* ACTION ITEM
Please reproduce all of the data exactly as it appears, but skip the pictures.

### DATA SHOWN ###

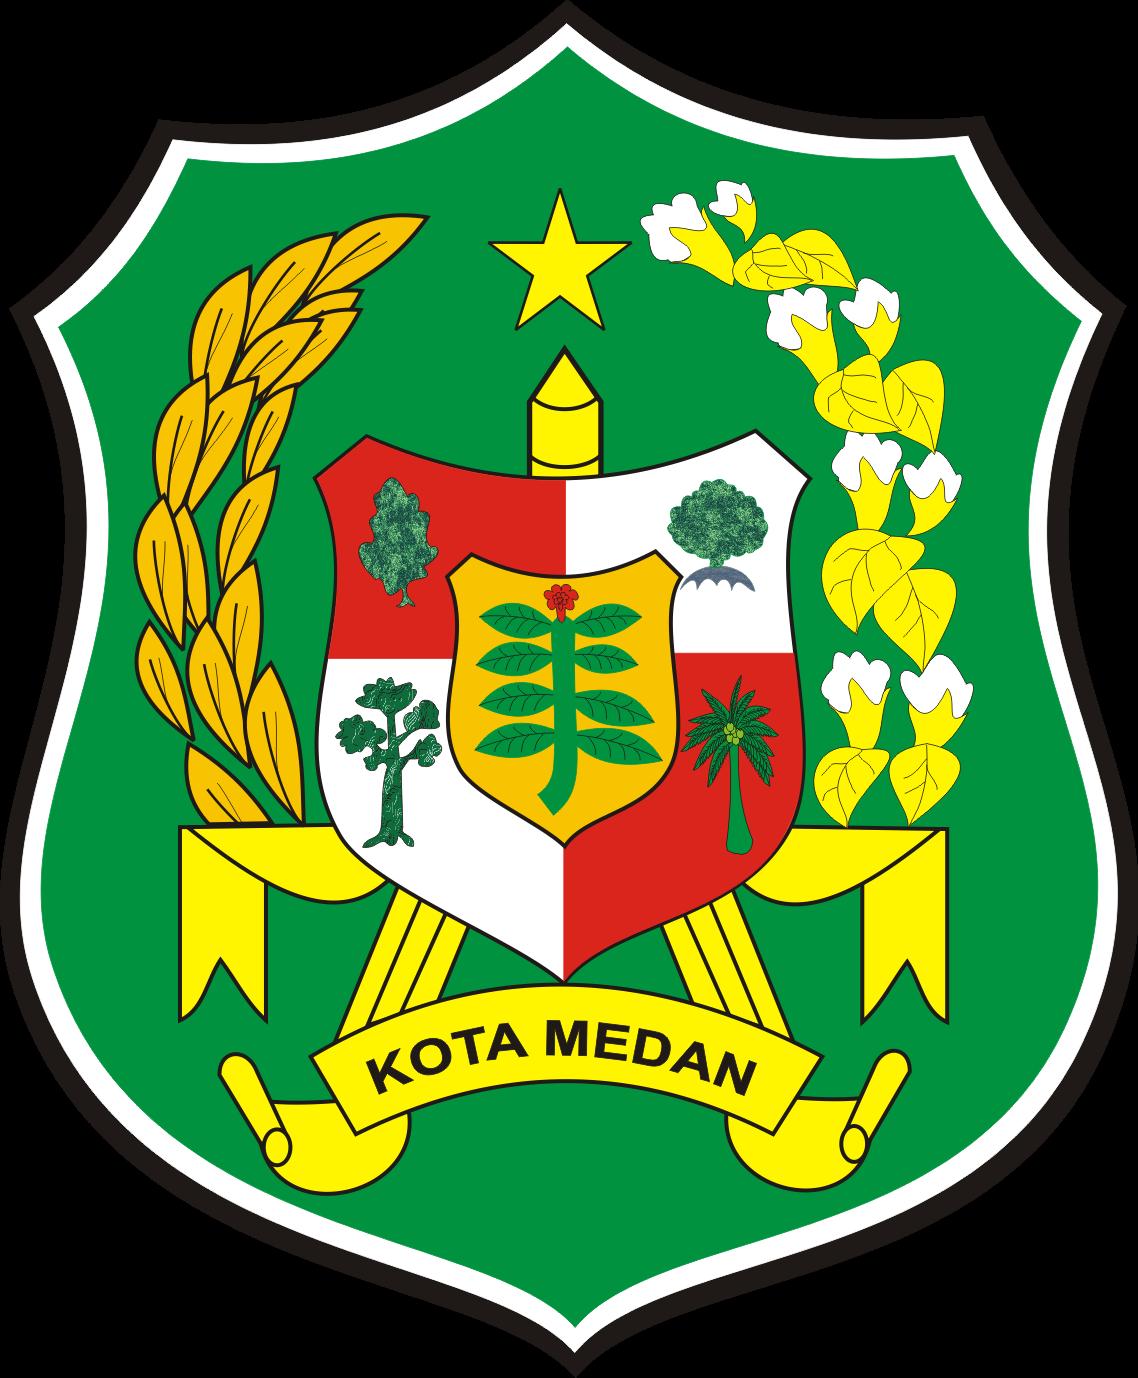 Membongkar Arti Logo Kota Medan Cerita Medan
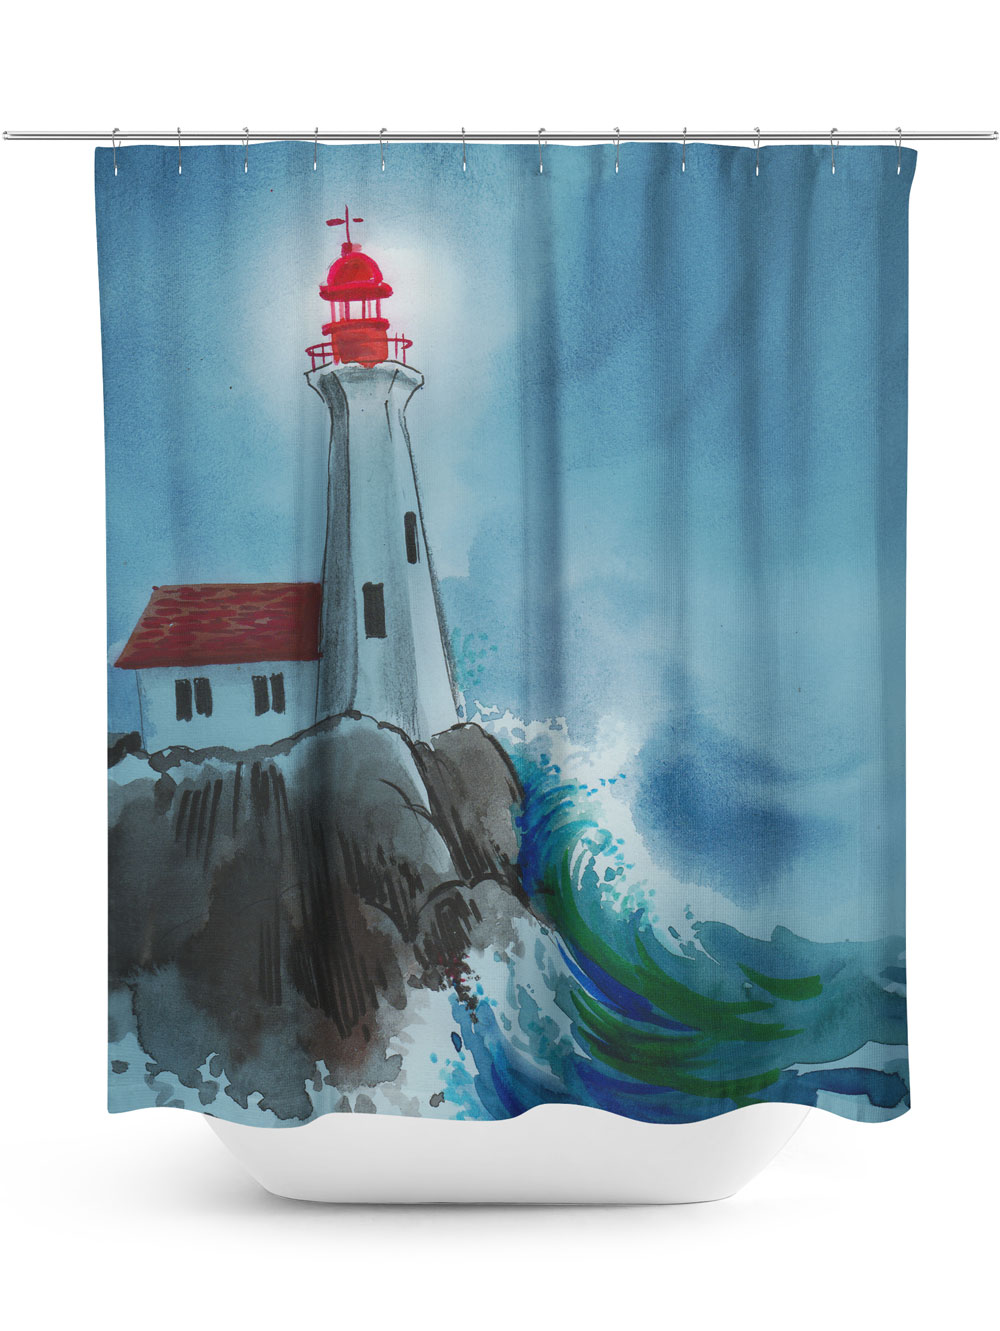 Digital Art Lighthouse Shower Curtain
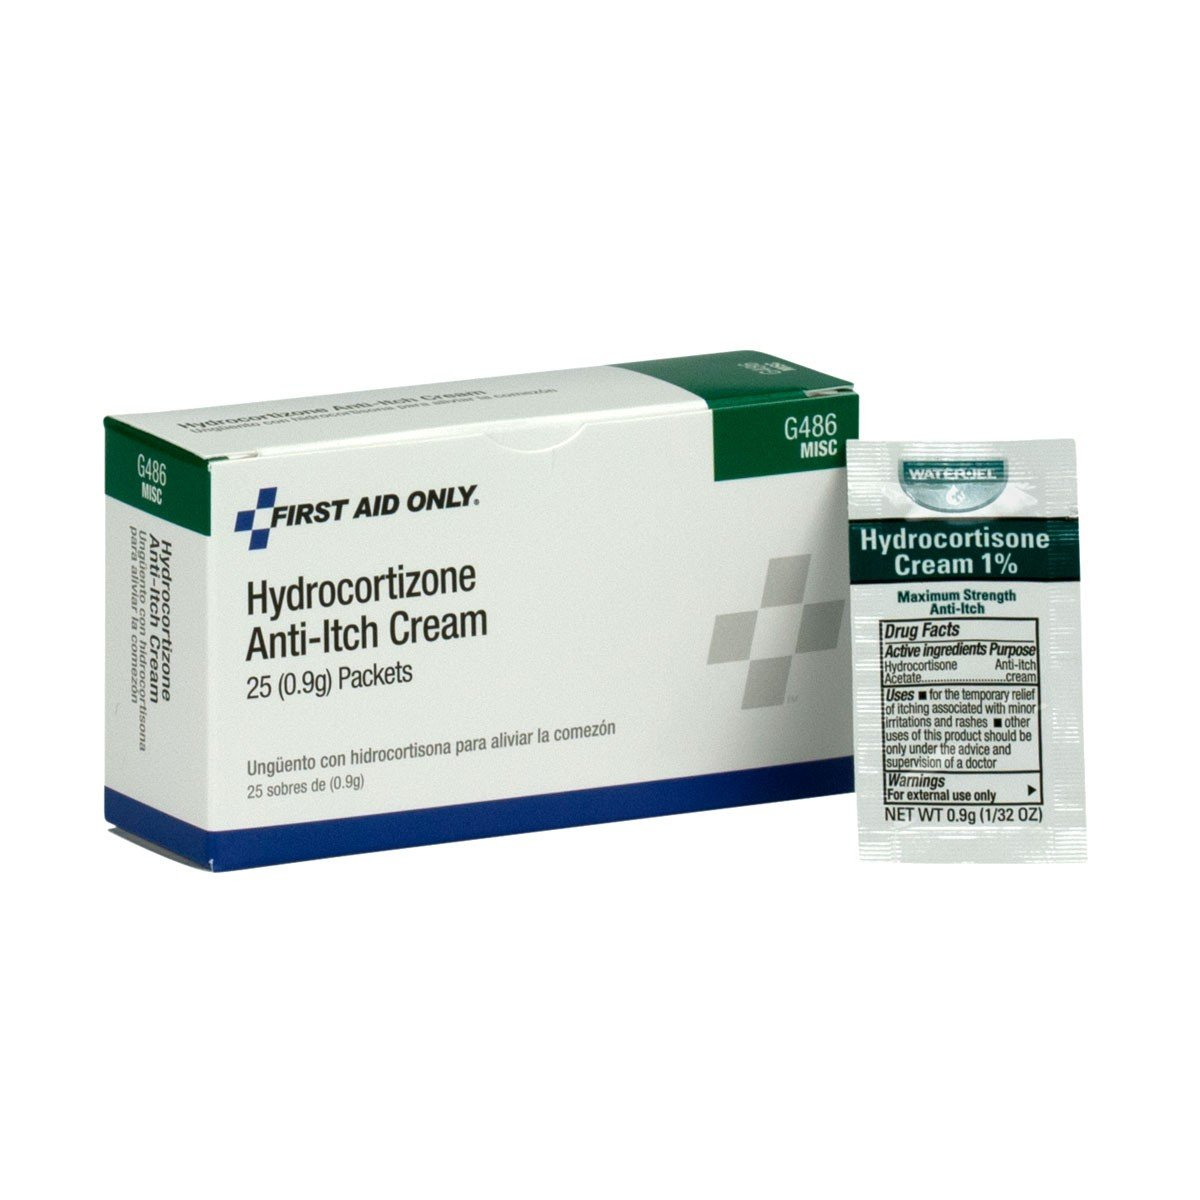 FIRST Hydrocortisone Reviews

###

* TASK OUTPUT
 Membongkar Arti Logo Kota Medan Cerita Medan
 Digital Art Lighthouse Shower Curtain
 FIRST Hydrocortisone Reviews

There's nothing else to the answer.